Hier kann man überlegen, ob man eine Teilfläche nur zweimal im Jahr mäht und daraus eine artenreiche Blumenwiese entwickelt. Wäre hierfür die Arbeit mit einer Sense nicht eine ganz neue, spannende Herausforderung? Am besten lässt man sich die Kunst des Sensens von einem Fachmann beibringen.

Wenn Sie nicht auf einen Mähroboter verzichten möchten, dann lassen Sie diesen bitte nur tagsüber und unter Aufsicht laufen!

Unser Tipp

Die meisten Gartenmaschinen kann man zum Beispiel in Baumärkten mieten.
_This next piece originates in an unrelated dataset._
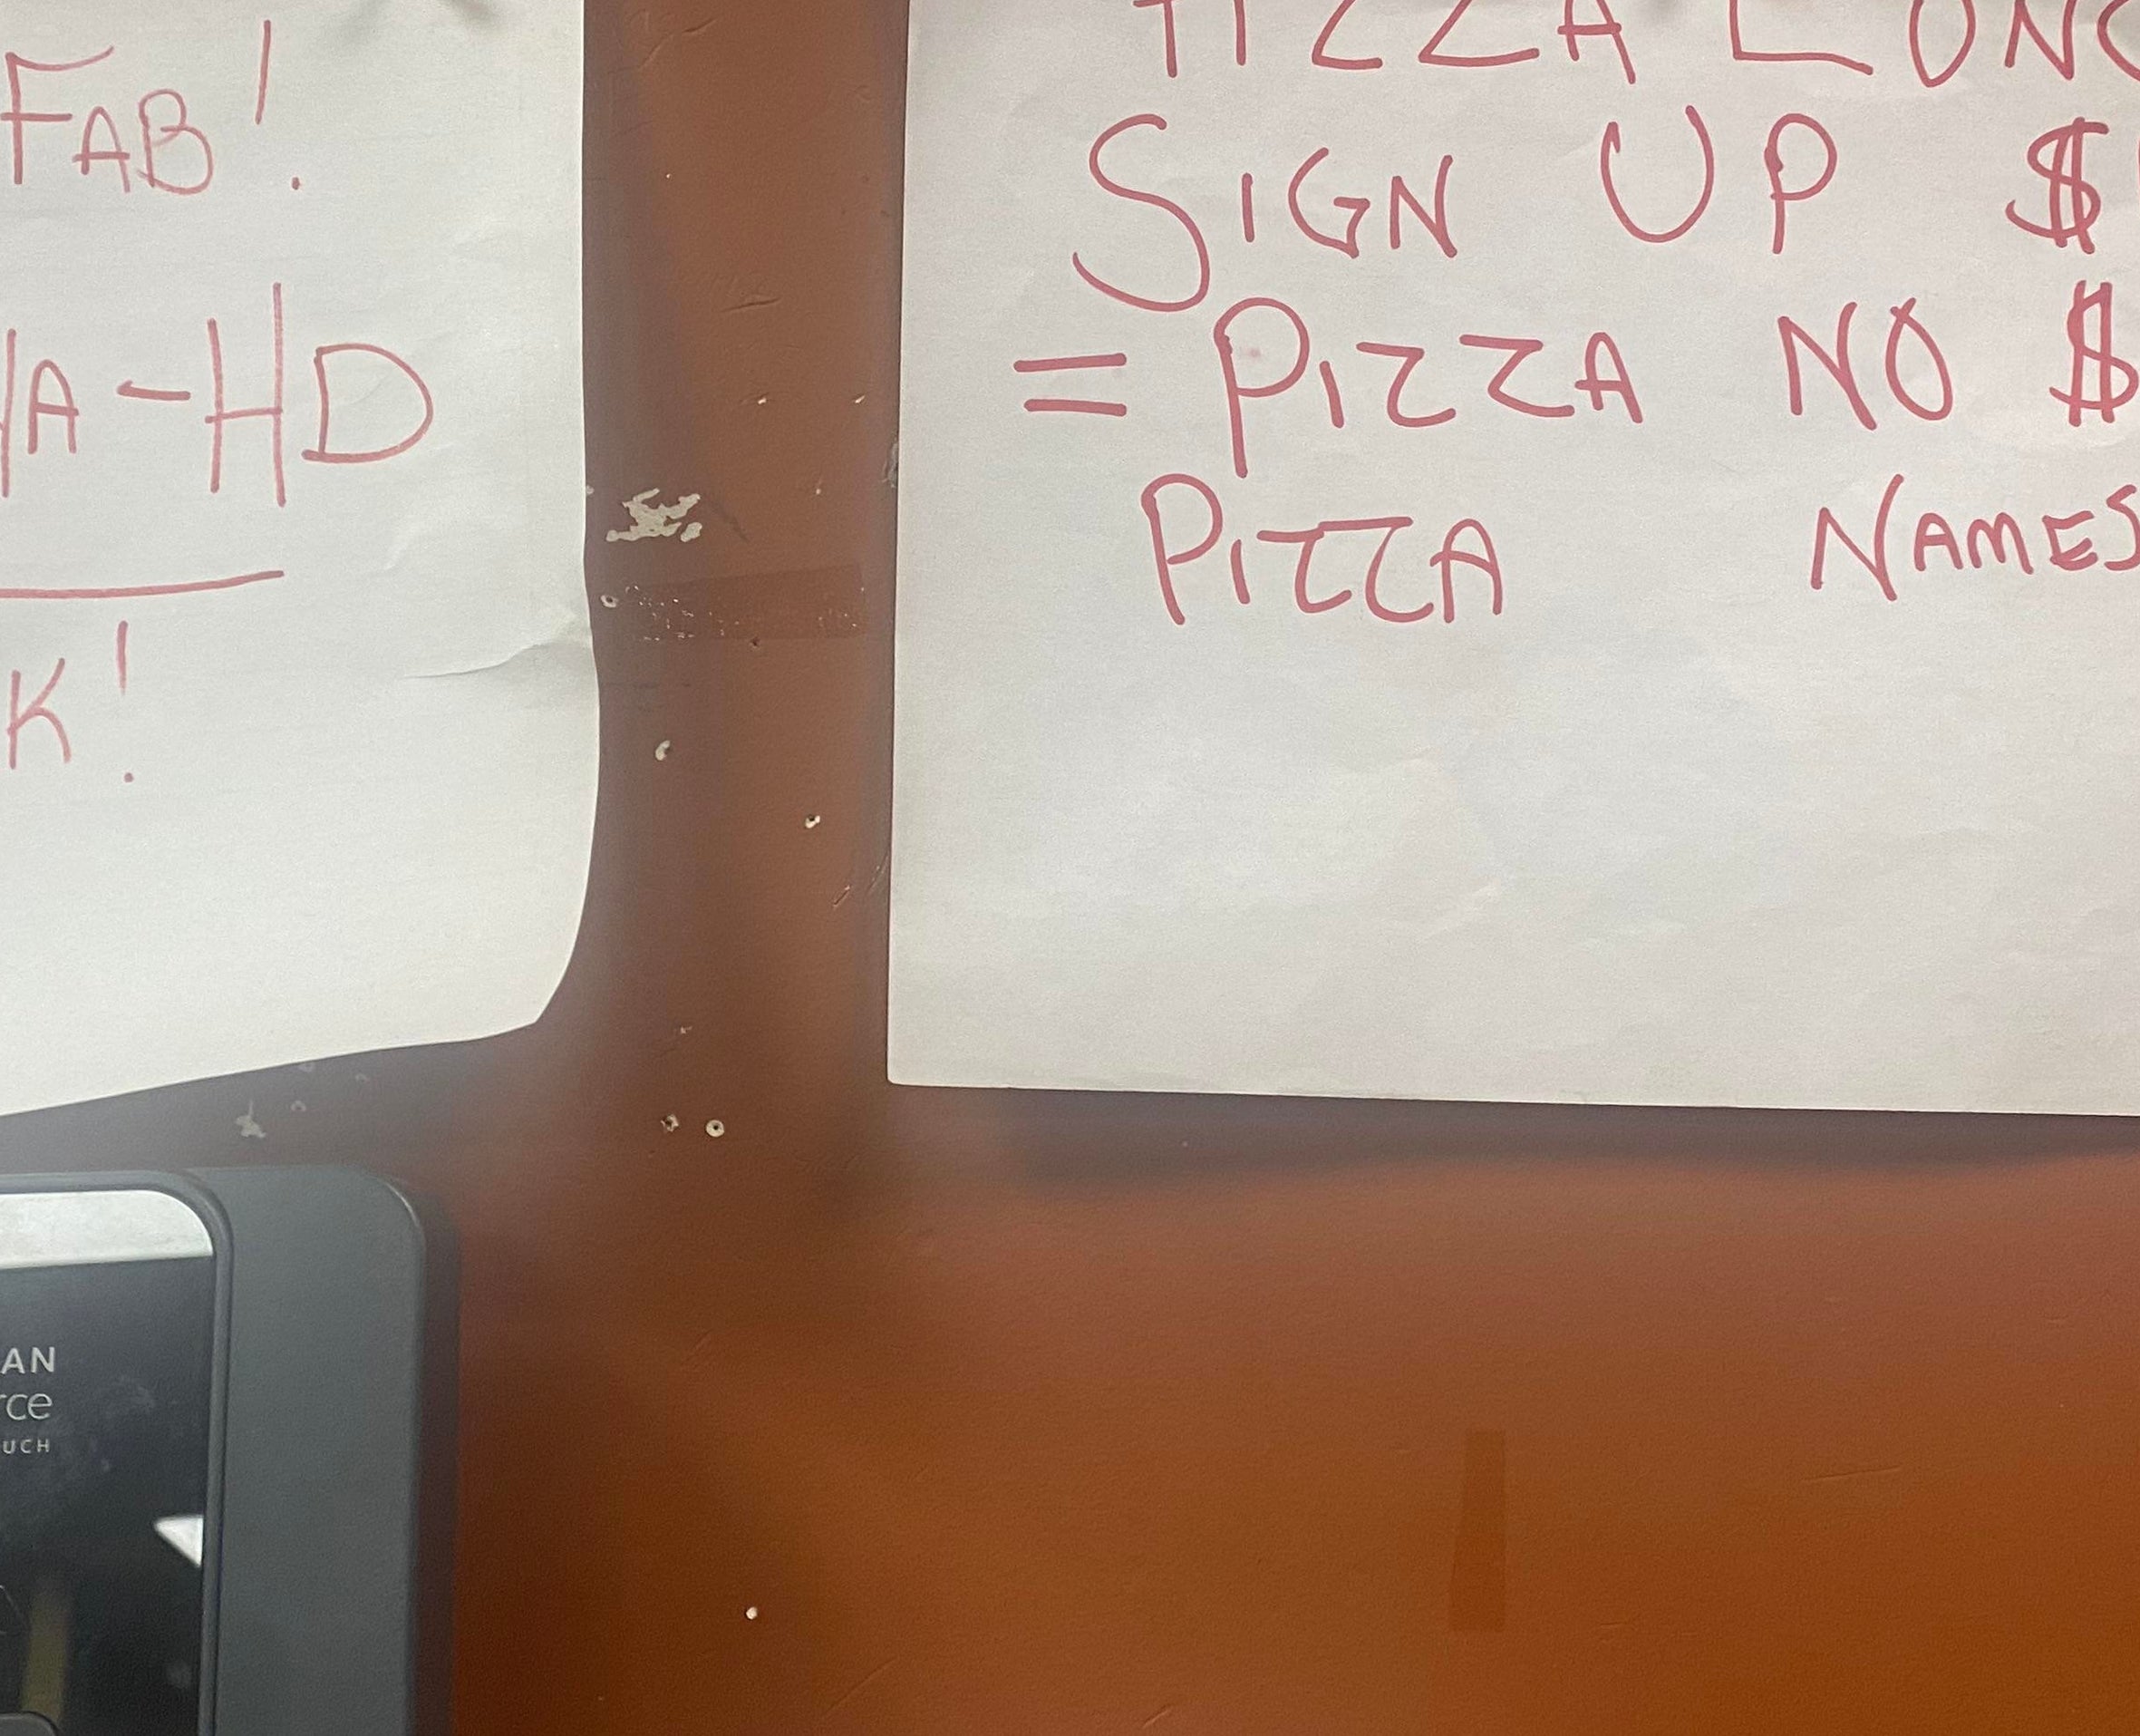 A sign asks for people to sign up to pay $10 each for a pizza lunch

Zu überlegen wäre auch, ein Gerät mit mehreren Nachbarn gemeinsam anzuschaffen. Das ist umweltschonend, energie- und platzsparend und auch noch gut für den Geldbeutel.

Wer Tiere erleben möchte, muss sie leben lassen!

Erleben Sie, wie Ihr Garten durch weniger intensive Pflege und den Verzicht auf Maschinen regelrecht aufatmet und wieder lebendig wird. Tiere und Pflanzen mögen es wild und unaufgeräumt. Wenn Sie das ermöglichen und die notwendigen Pflegearbeiten mit Handgeräten durchführen, leisten Sie einen wertvollen Beitrag zum Umwelt-, Natur- und Artenschutz. Wer Tiere erleben möchte, muss sie leben lassen!